Independent Australian and global macro analysis

Tuesday, October 2, 2018

RBA on hold: growth strong but progress to remain gradual

For the 24th consecutive meeting, the Reserve Bank of Australia (RBA) maintained its official cash rate at 1.5% in October. The result was unanimously expected by markets and all 25 economists surveyed by Bloomberg Australia.


There were few changes in today's statement compared to last month. Since the last meeting, the National Accounts for the June quarter were released, which showed annual growth in the domestic economy increased by the fastest pace in nearly 6-years at 3.4%. This outcome was a little stronger than the RBA's forecast, and their expectation is that growth will continue to run above 3% in 2018 and 2019. The growth outlook is supported by non-mining business investment, public infrastructure spending, and resources exports. The household sector, facing slow income growth and high debt levels, remains the greatest source of uncertainty. 

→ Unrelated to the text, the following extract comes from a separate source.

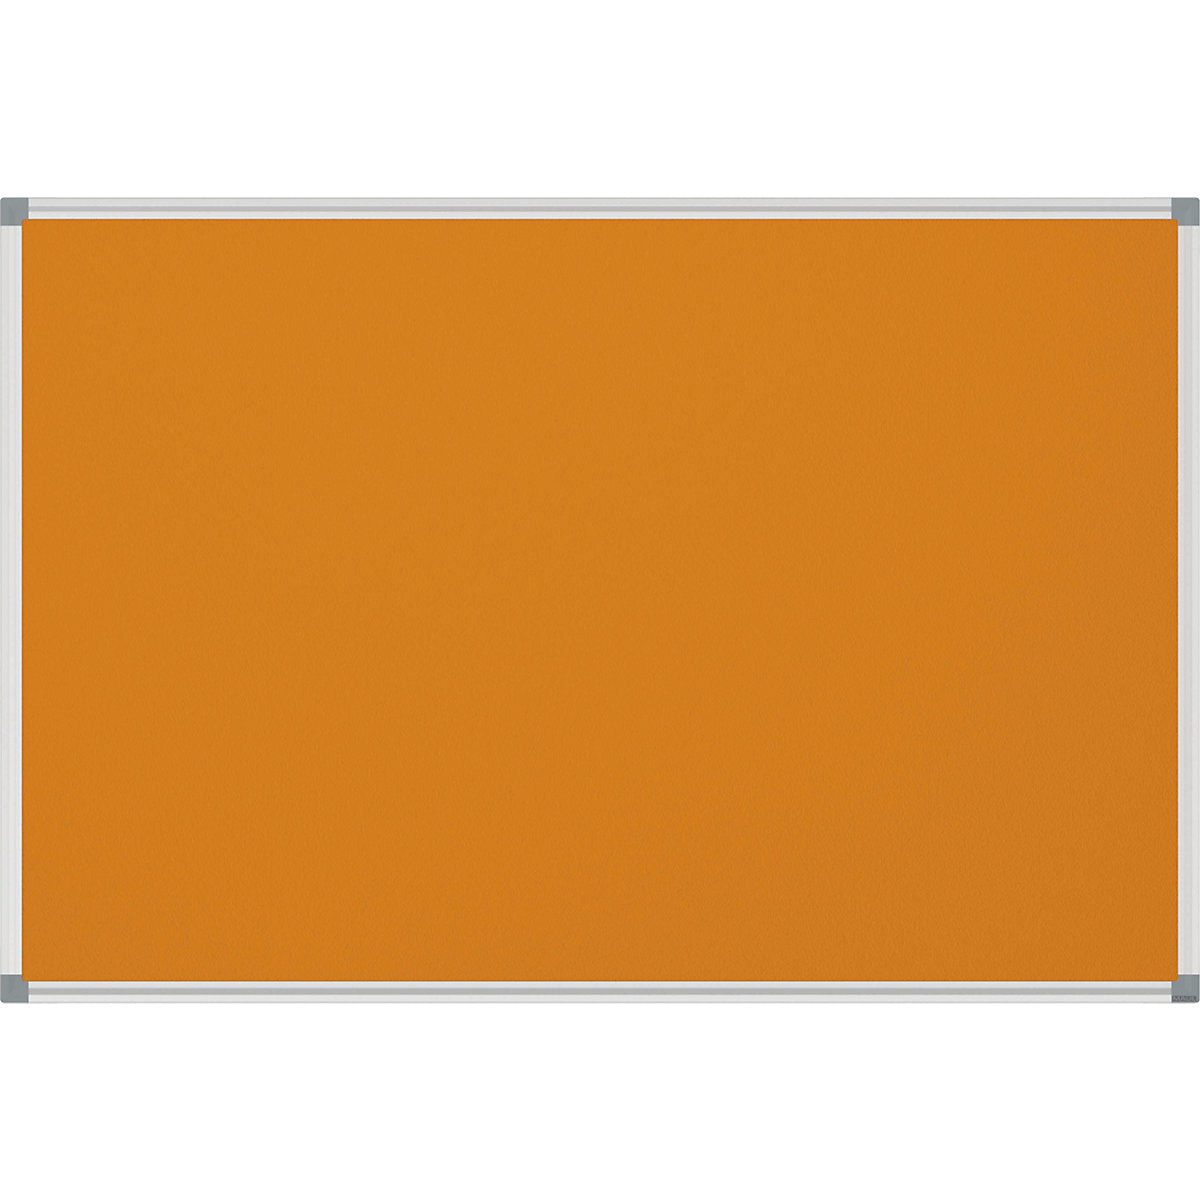 Špendlíková tabuľa STANDARD – MAUL, plstený poťah, oranžová, š x v 900 x 600 mm-2

Despite the robust growth outlook, the RBA notes that while the unemployment rate — currently at 5.3% — is trending lower, it retains that view that progress towards full-employment — estimated at around 5% — will occur gradually over the next couple of years. Similarly, while the RBA notes that wages growth has lifted a little, it continues to expect that faster increases will occur gradually in line with the strengthening in the economy. 

On inflation, the RBA has previously stated that it expects near-term inflation to decline due to once-off declines in administered prices (areas impacted by government policy). On that basis, last month's statement estimated headline inflation to fall to 1.75%Y/Y in Q3 but that figure was removed in today's release. It now simply states that inflation in 2018 is expected to be "a little lower than otherwise", which likely reflects some mitigation from recent increases in petrol prices.

In the property market, its commentary was adjusted to highlight the contrast between the owner-occupier and investor segments. While credit growth to owner-occupiers "remains robust", investor demand "has slowed noticeably". More generally, today's statement made a change noting that it is credit conditions rather than lending standards that are now "tighter than they have been for some time".

The final paragraph was unchanged reiterating the view that further progress in reducing the nation's unemployment rate and lifting inflation back towards target is likely to be gradual. Market pricing on cash rate futures currently points to the RBA remaining on hold at 1.5% for at least the next 18-months.